I want to apologise for what happened next. He paused, chopsticks mid air (dropping noodles on the newborn's head which I later washed out, and which is the reason the whole story came out) looked at you blankly, then continued with his meal, causing you to revert, slightly red faced, to yours.

Here's the thing: he didn't say anything, because he didn't take it as a compliment. He was so proper shocked that he could think of nothing to say in return.

Women should get to be the breadwinner; or to stay home, or try and mix both. And so should our fellas.

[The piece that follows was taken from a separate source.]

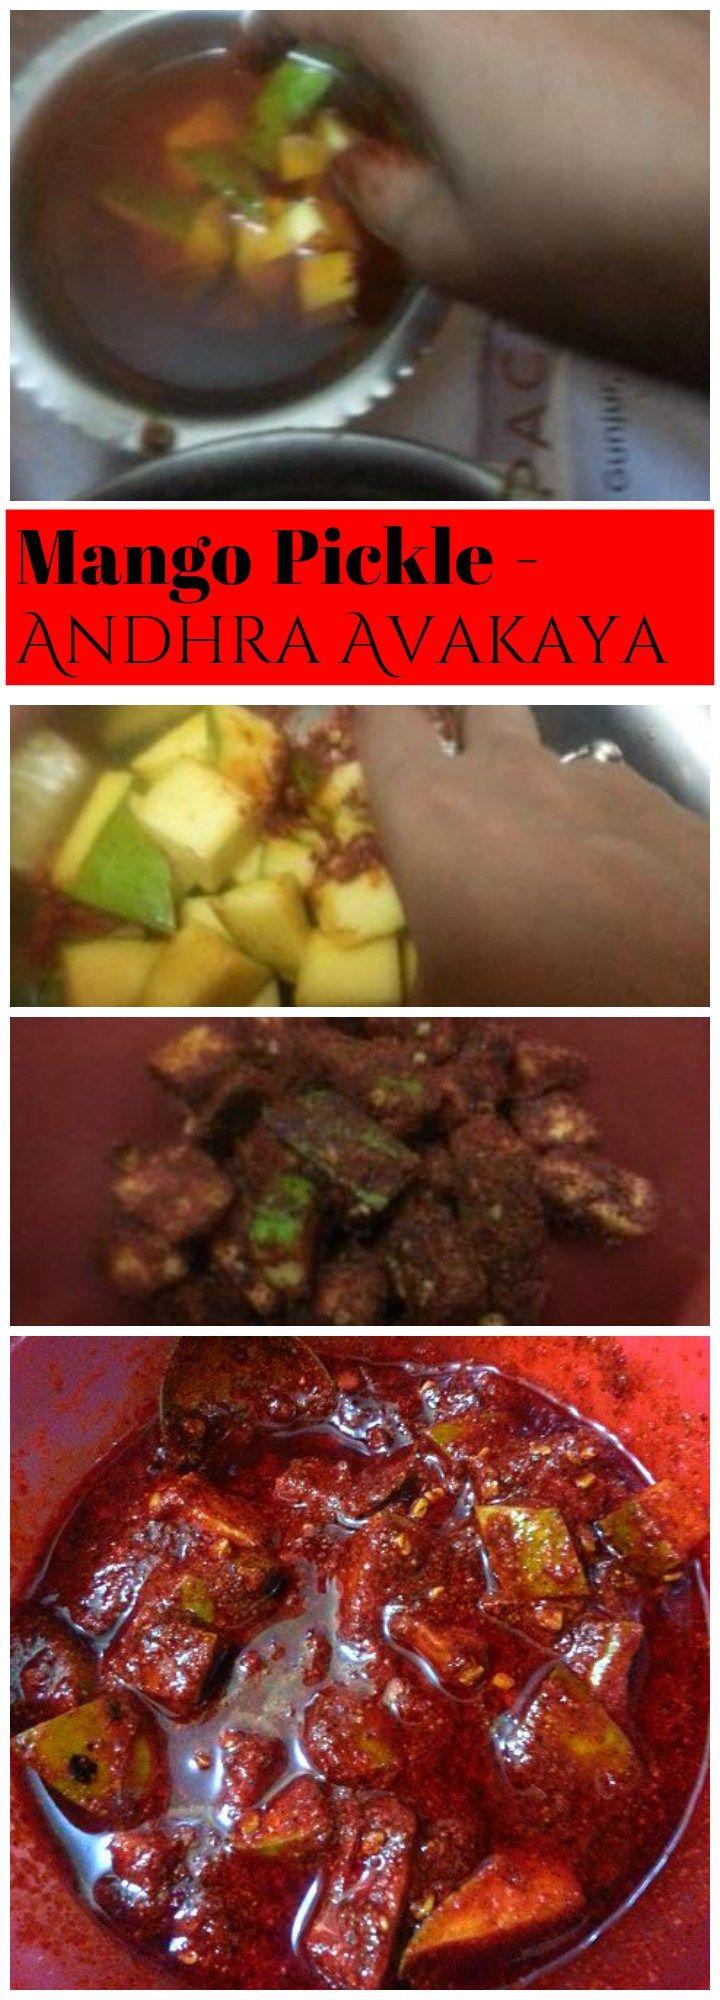 Avakai Pickle Recipe , How To Make Andhra Avakaya
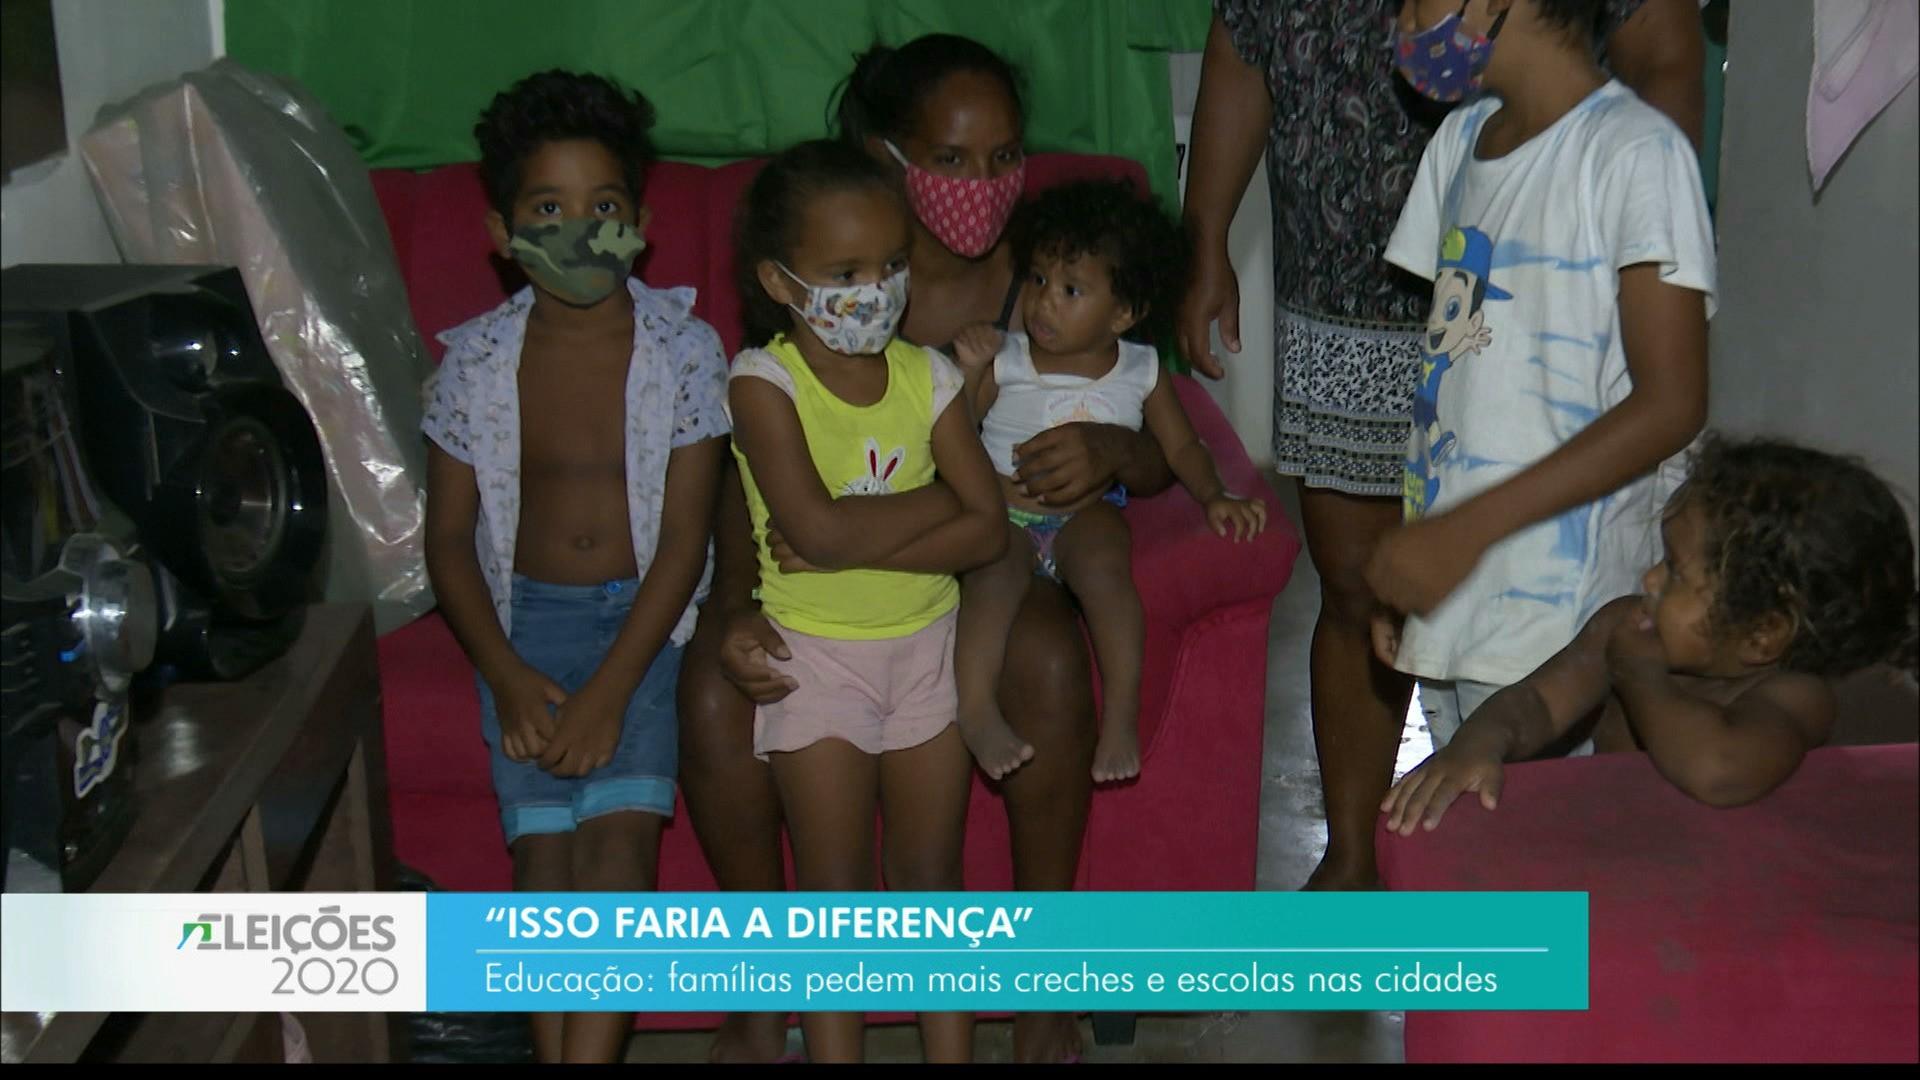 VÍDEOS: JPB2 (TV Cabo Branco) desta terça-feira, 27 de outubro

So thank you, LITFC, for bringing home to my husband a reality that, however many times I've tried to explain, he hasn't been able to grasp. (Like a lot of us, he needs to experience something himself before truly understanding how it feels.) Thanks for demonstrating that we're still knee deep in the belief that women stay at home and look after the kids, and men go out to work.

Double thanks because my husband had the kids while I'd gone for a pedicure; the first time I'd been without my eight week old, but I desperately wanted pretty hooves now I can SEE THEM AGAIN, and now I know I can have some precious time to myself, and everyone will be okay.

Thanks for helping him think more about how I might be feeling, because now I've admitted to him I'm struggling with a return to snap judgements. So far I've been questioned quite aggressively by complete strangers on:

Why I am bottle feeding;

If my son's clothes are organic cotton;

If he's warm and/or cool enough in the clothes I dressed him in; and

Whether my five-year-old should be touching his head.

Thanks for letting him feel, if only for one tiny moment, the outrage and sadness that some women have expectations of women with children, and they're not about going out to work. He truly thought I was overstating the situation, or that if it did happen, it would be by middle aged men, and it would be in the workplace.

So thank you. And one final thing while I've got your ear, LITFC. Now I've said my thanks, I'd like to ask you to stop congratulating men on caring for their kids. I don't want to live in a society where we are considered lucky to have a fella who wants to. Because they could be the kind of guy who is already congratulating himself, and chalking up his brownie points. He might be a guy who loves spending time with his kids. But mainly because it does parents everywhere a disservice. Because women should get to be the breadwinner; or to stay home, or try and mix both. And so should our fellas.

Choices like those are what we've all been fighting for. So we get to be part of a truly equal partnership, where both parents do the caring, immaterial of who does the earning. And dammit, LITFC we should all be able to go and get our nails did, and know that our fella will be given a break for looking after the family.

Thanking my husband for looking after our kids? That's a no, thank you.